Automobile magazine is smitten with Tesla’s Model S. And why not. This electric vehicle, EV actually delivers on most of the promises heralded by the brave new world of electric cars; performance, space and prices that are finally coming down, albeit in a shy manner. The Model S is not only a crucial car for the Californian start up company that needs to prove it can not only deliver a car it designed on its own but that it can also be financially rewarding. So far, Tesla Motors is on the right tracks.

AUTOMOBILE Magazine. According to the Tesla Newsletter: “"It's the performance that won us over," says AUTOMOBILE Magazine, as they determined who would hold the title of 2013 Automobile of the Year. "All that speed, along with powerful braking, super flat handling, and sharp steering, gives you the sense that you're invincible," No small acclaim as the editors also reported raving about the impressive body control and vacuum-like grip as the Model S negotiated corners.
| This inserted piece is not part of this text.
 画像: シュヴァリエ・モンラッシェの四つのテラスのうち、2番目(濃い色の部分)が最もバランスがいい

Overall, they were impressed with the suspension's ability to soak up bumps that tortured other test cars in the past.

New York Meets Model S from Tesla Motors on Vimeo.

And just in case you still weren’t convinced, the newsletter resumes with: "The electric motor does not define this car...but it is, at the end of the day, what makes this very good sport sedan an absolute game changer," AUTOMOBILE stated. "It has managed to blend the innovation of a Silicon Valley start-up, the execution of a world-class automaker, and, yes, the chutzpah of its visionary leader."
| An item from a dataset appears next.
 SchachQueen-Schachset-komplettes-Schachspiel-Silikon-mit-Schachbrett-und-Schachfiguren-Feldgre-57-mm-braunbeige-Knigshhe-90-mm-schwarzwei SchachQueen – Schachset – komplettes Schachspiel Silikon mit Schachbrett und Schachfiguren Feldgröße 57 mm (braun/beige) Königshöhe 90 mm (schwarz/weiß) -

Automobile Magazine has come to grasp with the potential electric cars have. As they admit and as most of us alternative energy vehicle aficionados also have to contend, many of us didn’t approach this new electric car elation with an open mind. Mine was firmly intrenched in the: “If it makes no noise, has no vibration and no oil smell, how can it be fun to drive?” After all, I come from a world of pre-WWII Alfa Romeo, Bugattis and post WWII Ferrari, Maserati and more. A whizzing car was an oddity at best. That was until I drove an AC Propulsion eBox and a Tesla Roadster. The light bulb went on. And so it seems to have done for the journalists of Automobile Magazine.
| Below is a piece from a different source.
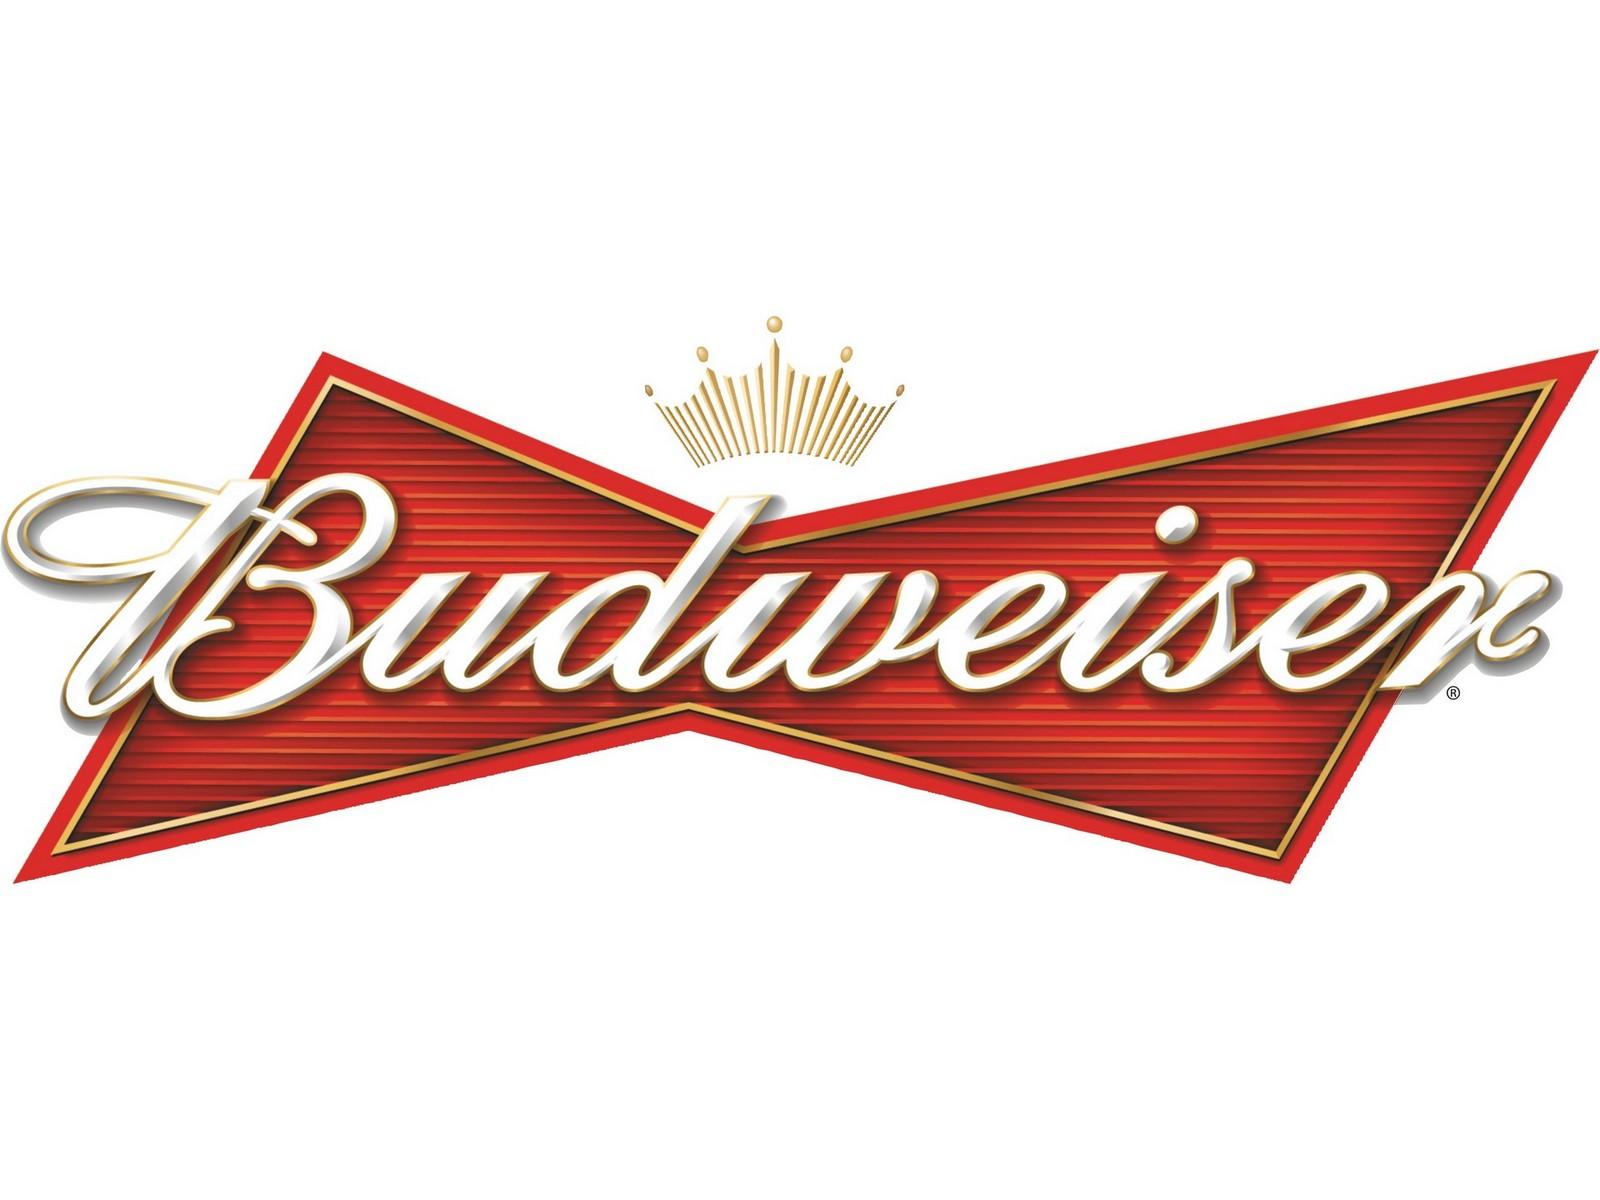 Budweiser Logo 1600x1200 STANDARD Image Brands Ads Beer 1600x1200

Better Than A Subaru and Porsche? As if the original award hadn’t raised enough eyebrows, Automobile Magazine even admits how the Tesla Model S competed against well entrenched candidates, such as the sizzling red hot Subaru BRZ and the latest Porsche Boxster.

The Model S blew away almost anything and their perceived notions of what an electric car is. "It's the performance that won us over," admits editor-in-chief Jean Jennings. "The crazy speed builds silently and then pulls back the edges of your face. It had all of us endangering our licenses." Our Model S was of Signature Performance spec, which means its AC induction motor puts out 416 hp and that it blasts to 60 mph in 4.3 seconds. Even those numbers -- positively absurd for a large sedan that uses not a lick of gasoline -- fail to communicate how crazy it actually feels. "It's alarming to jam the accelerator of such a big car and have it surge forward so quickly and so quietly," says copy editor Rusty Blackwell. Like most electric cars, the Model S generates its torque almost instantly. Unlike most electric cars, Tesla's torque amounts to a prodigious 443 lb-ft, all of which goes to the rear wheels. The only indicators of your stunning momentum are the rush of scenery around you, a faint whine, and the digital speedometer's difficulty keeping pace. "Driving the Model S is decidedly not like piloting a Nissan Leaf or an electric Smart," notes road test editor Christopher Nelson. Contributor Ezra Dyer, meanwhile, was so impressed that he arranged an informal drag race to 100 mph with a 560-hp BMW M5. The Model S won. "It bears repeating: this thing is silly quick,"

The Model S is certainly a winner. Not only does Tesla show us it can design an electric car on its own using regular lithium-ion batteries, but it achieved to build one that really handles well, not in a no-concession way as so many performance vehicles can be but in a civilized fashion. The Tesla Model S is the quintessential electric car, delivering zen-like driving, enough performance to remove annoying slow cars from your windshield and stick to the pavement without bruising your posterior.